**Provided material:**
----------------------------------------
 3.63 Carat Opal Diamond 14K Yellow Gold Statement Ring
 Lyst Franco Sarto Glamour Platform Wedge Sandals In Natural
----------------------------------------
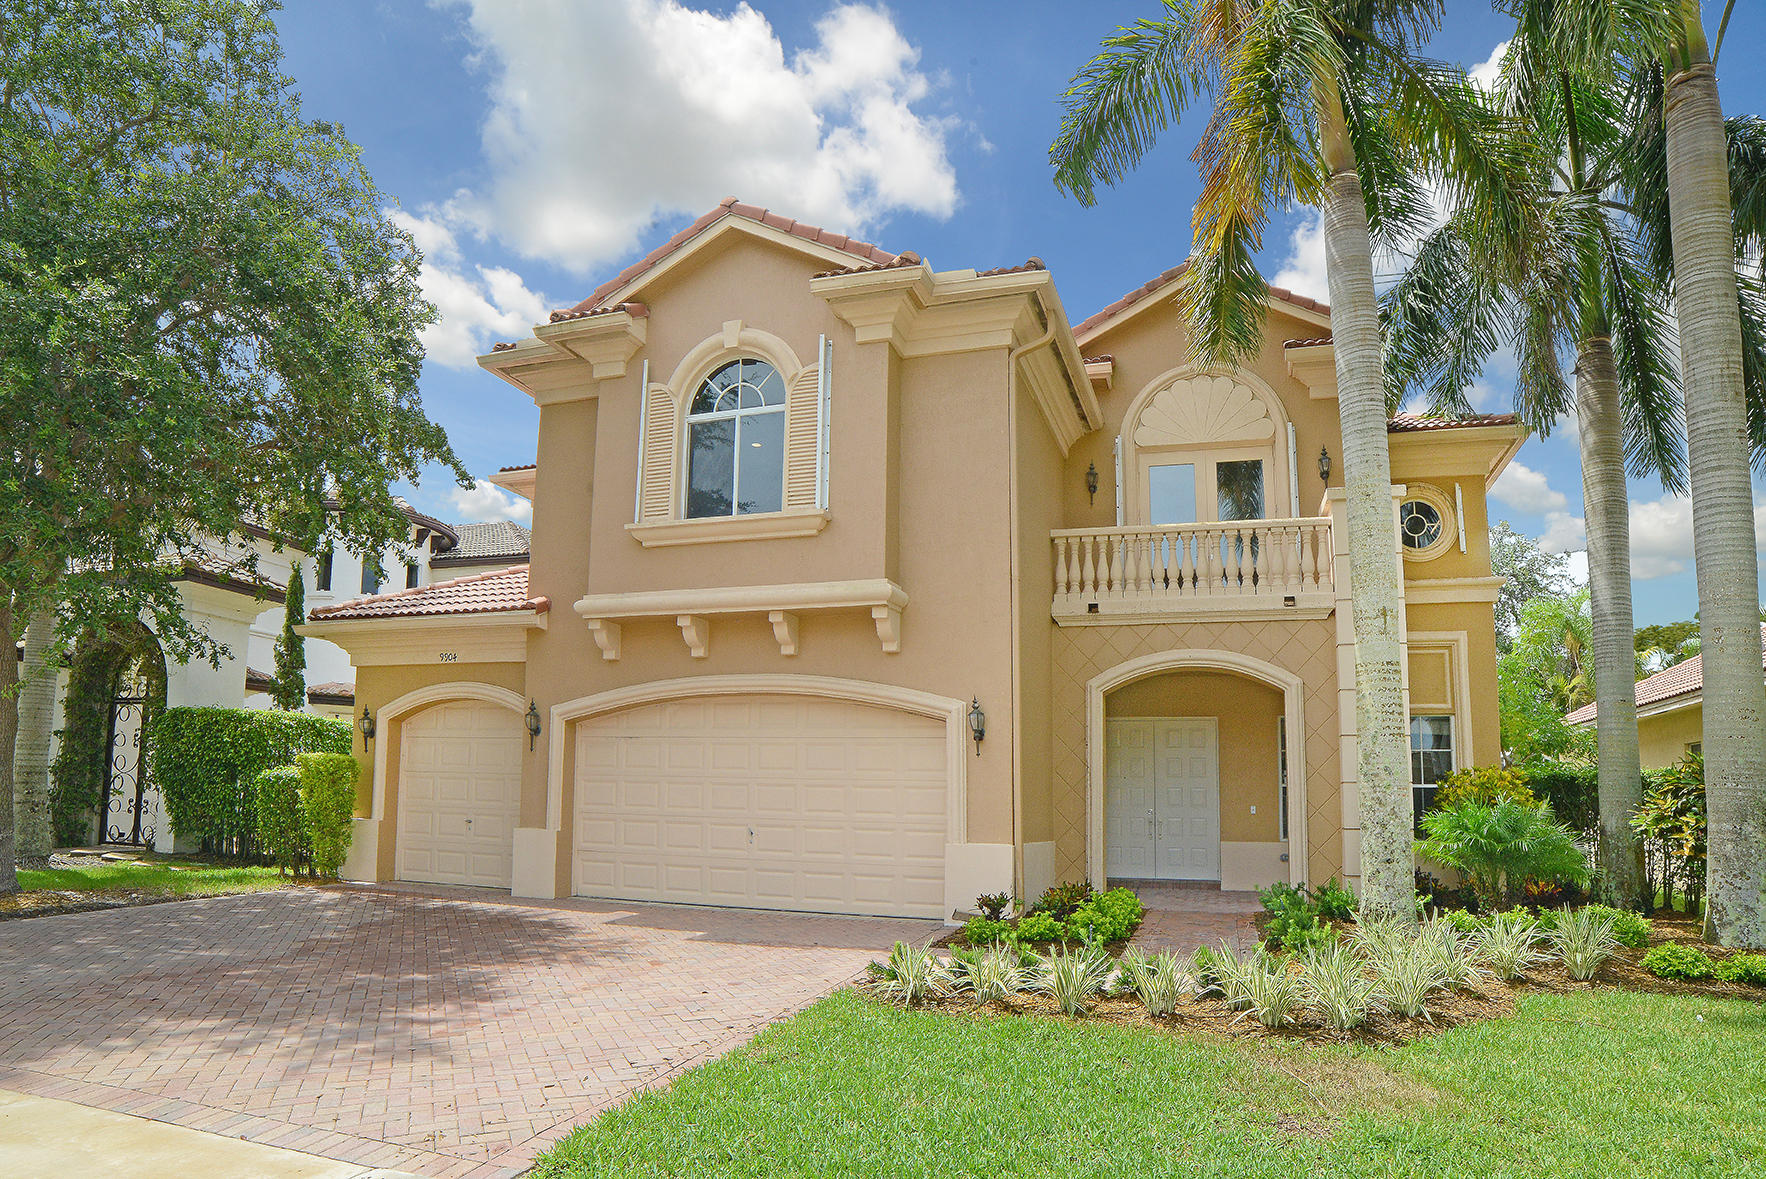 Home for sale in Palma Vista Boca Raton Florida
----------------------------------------
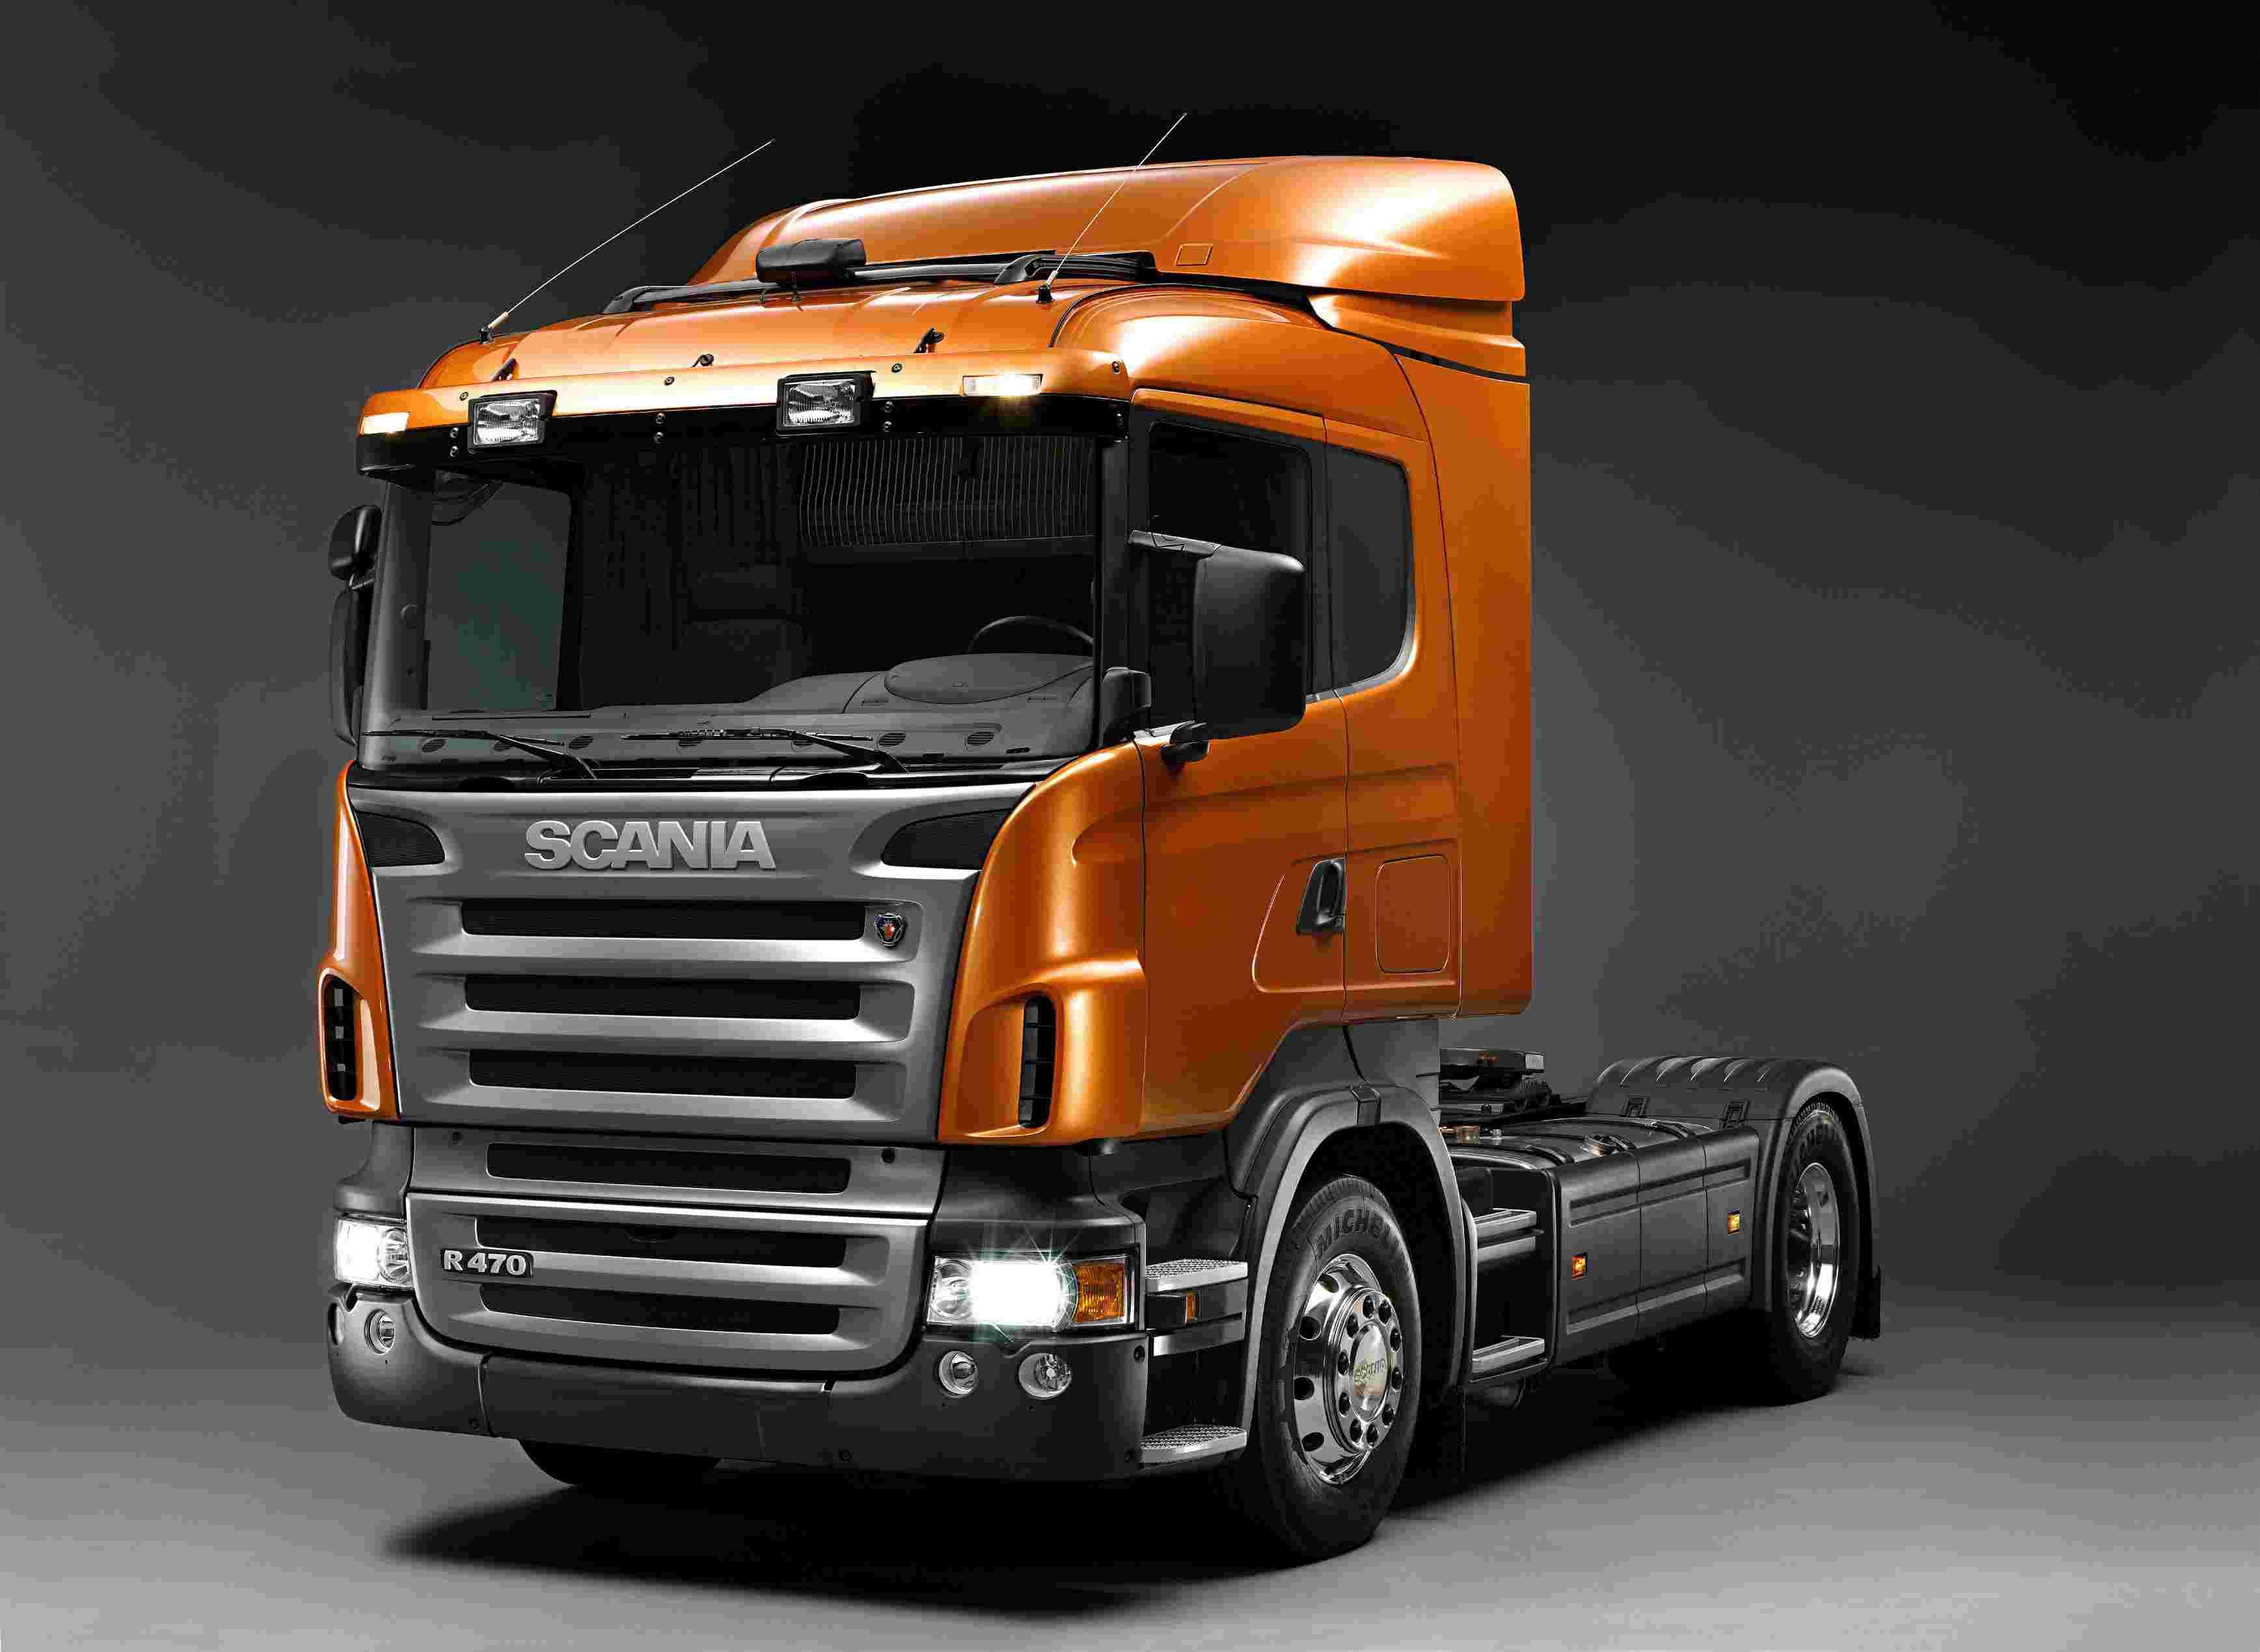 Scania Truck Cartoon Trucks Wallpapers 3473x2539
----------------------------------------
**Task item:** Of all the entries above, output exactly the lines between the one holding "3.63 Carat Opal" and the one holding "Lyst Franco Sarto", inclusive.

**Exercise output:**
 3.63 Carat Opal Diamond 14K Yellow Gold Statement Ring
 Lyst Franco Sarto Glamour Platform Wedge Sandals In Natural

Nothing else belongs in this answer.